Fisher Information as an Operational Metric for Structured Optical Beams
J. Sumaya-Martinez, J. Mulia-Rodriguez
TL;DR
The paper presents Fisher information as an operational metric to assess the metrological content of structured optical beams, arguing that entropic measures alone do not predict estimation performance. By treating the transverse intensity as p(x|θ) and using the displacement-estimation framework, it expresses Fisher information in forms like F_theta = ∫ dx (1/p) (∂p/∂θ)^2 and, for translational symmetry, F = ∫ dx (∂p/∂x)^2 / p, with ψ = sqrt(p) giving F = 4 ∫ dx (∂ψ/∂x)^2. An explicit proposition shows that nodal structure near zeros enhances sensitivity, and analyses of Hermite-Gaussian, Laguerre-Gaussian, and finite-energy Bessel-Gauss beams reveal systematic increases in Fisher information with increasing nodal complexity and local gradients.
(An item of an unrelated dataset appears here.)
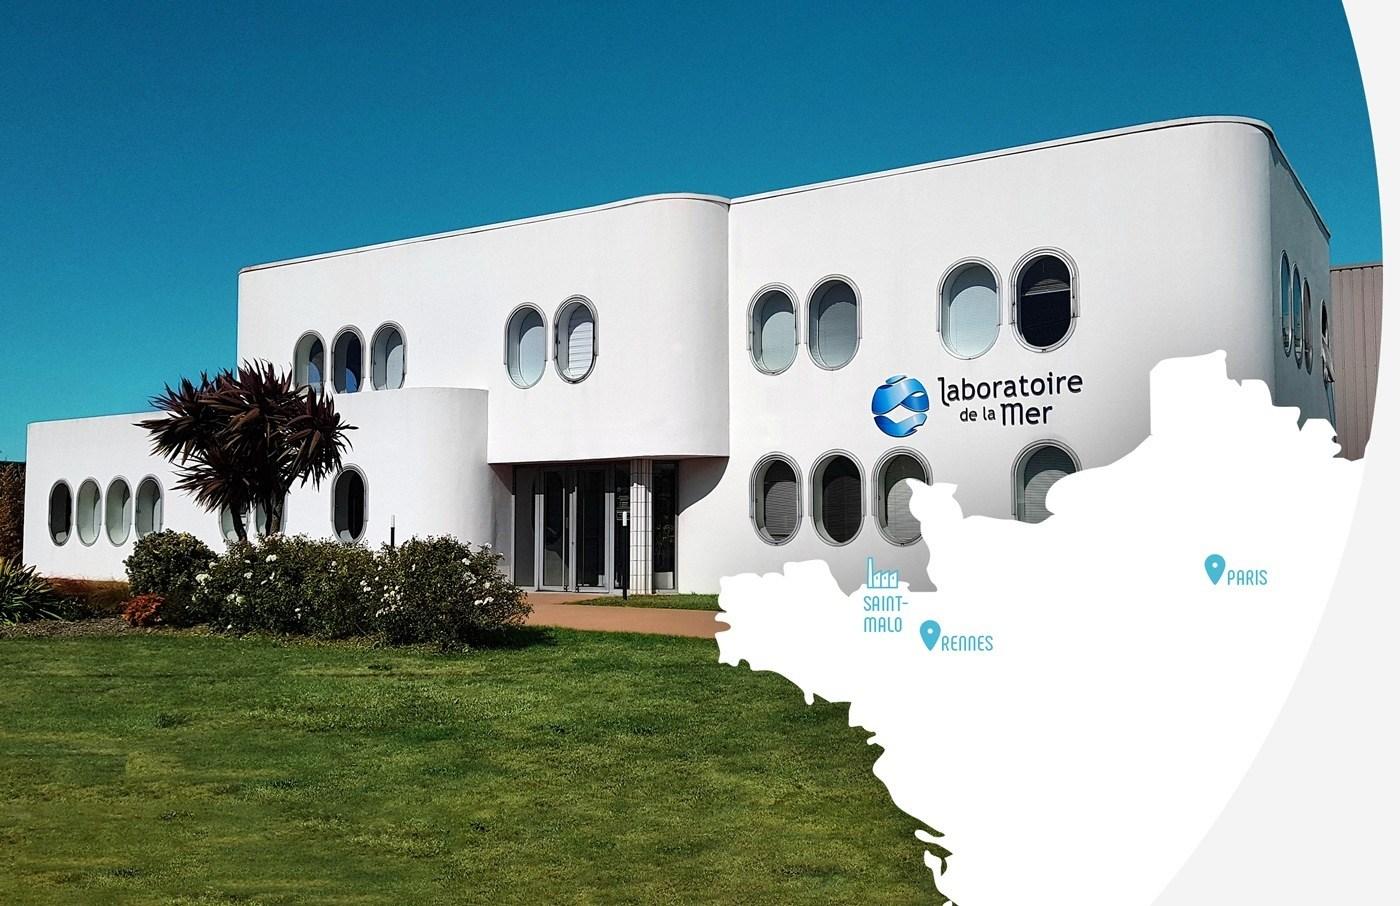 Laboratoire De La Mer Healthcare Products With Marine Active Ingredients

Across these families, Shannon entropy fails to predict estimation sensitivity, highlighting the value of Fisher information as a task-oriented metric with direct relevance to sensing design and potentially to quantum metrology via the quantum Fisher information concept.
Abstract
Structured optical beams possess rich spatial features that are commonly characterized using entropic measures of field complexity. However, such measures do not directly quantify the operational usefulness of optical structure for parameter estimation and sensing. Here we introduce Fisher information as an operational metric to assess the metrological content of structured optical fields. By treating the measured intensity distribution as a statistical object, we define Fisher information with respect to physically relevant parameters, such as transverse displacement. We demonstrate that optical modes with comparable Shannon entropy can exhibit markedly different Fisher information, revealing sensitivity features associated with nodal structure and local curvature. Using Hermite--Gaussian modes as minimal test cases, we show that increasing modal order systematically enhances Fisher information. We then extend the analysis to two widely used families in structured light: Laguerre--Gaussian vortex beams and finite-energy Bessel--Gauss beams. Across these representative families, Fisher information provides a unified and experimentally accessible criterion for comparing structured optical fields in sensing applications.